Cholecystokinin inhibits gastric acid secretion through type "A" cholecystokinin receptors and somatostatin in rats.

作者信息

Lloyd K C, Raybould H E, Walsh J H

机构信息

Research Service, Department of Veterans Affairs, Los Angeles, California.

出版信息

Am J Physiol. 1992 Sep;263(3 Pt 1):G287-92. doi: 10.1152/ajpgi.1992.263.3.G287.
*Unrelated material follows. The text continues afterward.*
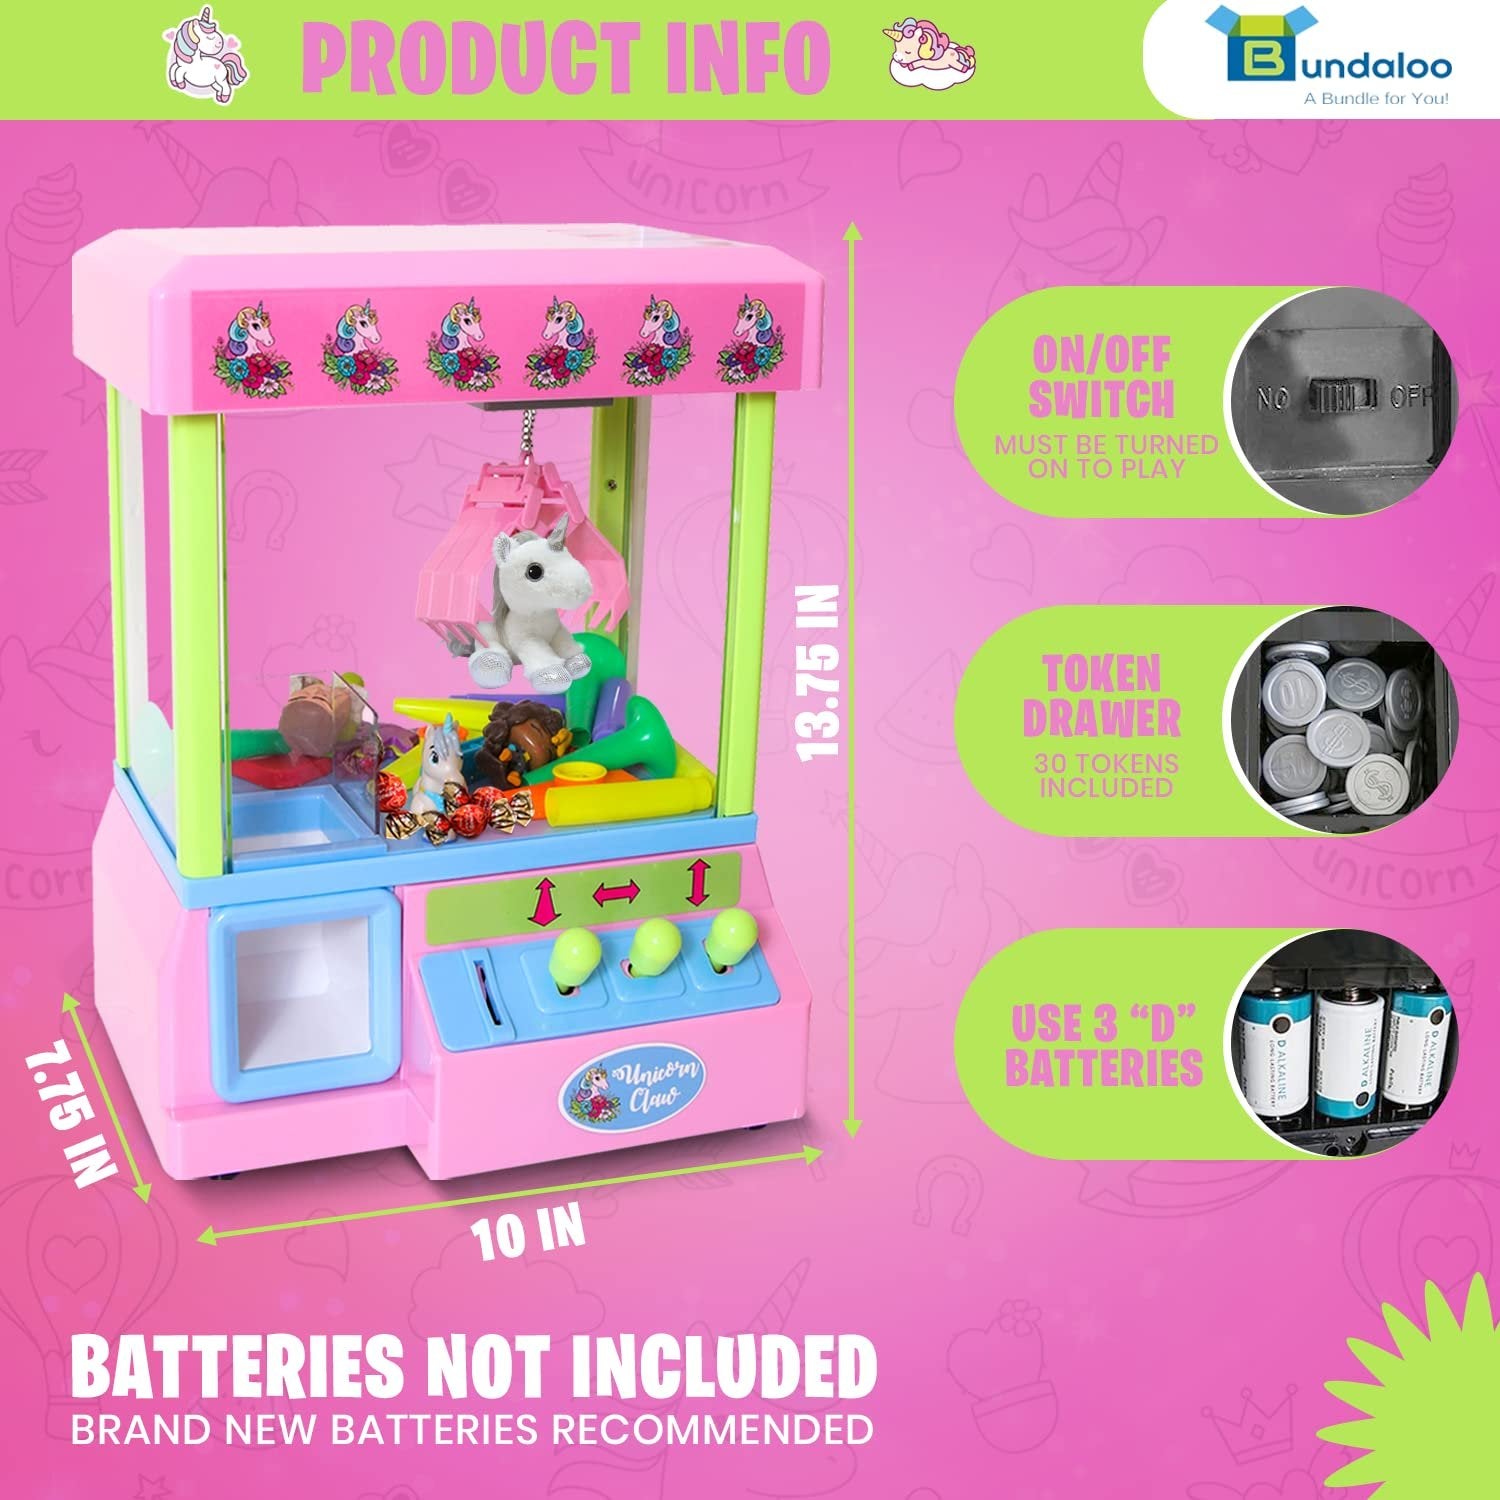 Bundaloo Claw Machine Arcade Game with Sound, Unicorn Themed Mini Candy Grabber Prize Dispenser Vending Toy for Kids, Boys & Girls

DOI:10.1152/ajpgi.1992.263.3.G287
PMID:1357976
Abstract

The purpose of this study was to determine whether selective antagonism of type "A" cholecystokinin (CCK) receptors blocks inhibition of gastric acid secretion produced by CCK and whether this inhibition is mediated through either a somatostatin-dependent pathway or a vago-vagal reflex. Intravenous infusion of CCK (0.04-10 nmol.kg-1.h-1) dose dependently inhibited pentagastrin-stimulated gastric acid secretion in urethan-anesthetized rats, with a 50% inhibitory dose of 0.9 nmol.kg-1.h-1 and a maximum inhibition of approximately 50%. Blockade of type A CCK receptors using the selective type A receptor antagonist MK-329 completely reversed the inhibitory effect produced by a maximal dose (4 nmol.kg-1.h-1) of CCK. Immunoneutralization of endogenous somatostatin by administration of somatostatin monoclonal antibody abolished the inhibition produced by CCK. Concentrations of somatostatin in portal venous plasma were significantly increased after CCK administration; the increase in somatostatin was blocked by pretreatment with MK-329. In contrast, CCK-induced inhibition of gastric acid secretion was unaltered after perivagal capsaicin treatment. These results indicate that CCK inhibits gastric acid secretion in rats by activation of type A CCK receptors and through release of endogenous somatostatin.

摘要

本研究的目的是确定“A”型胆囊收缩素(CCK)受体的选择性拮抗作用是否能阻断CCK对胃酸分泌的抑制,以及这种抑制是否通过生长抑素依赖性途径或迷走-迷走反射介导。在乌拉坦麻醉的大鼠中,静脉输注CCK(0.04 - 10 nmol·kg⁻¹·h⁻¹)剂量依赖性地抑制五肽胃泌素刺激的胃酸分泌,半数抑制剂量为0.9 nmol·kg⁻¹·h⁻¹,最大抑制率约为50%。使用选择性A型受体拮抗剂MK - 329阻断A型CCK受体,可完全逆转最大剂量(4 nmol·kg⁻¹·h⁻¹)CCK产生的抑制作用。通过给予生长抑素单克隆抗体对内源性生长抑素进行免疫中和,消除了CCK产生的抑制作用。给予CCK后,门静脉血浆中生长抑素的浓度显著升高;生长抑素的升高被MK - 329预处理所阻断。相反,在迷走神经周围给予辣椒素后,CCK诱导的胃酸分泌抑制作用未改变。这些结果表明,CCK通过激活A型CCK受体并释放内源性生长抑素来抑制大鼠胃酸分泌。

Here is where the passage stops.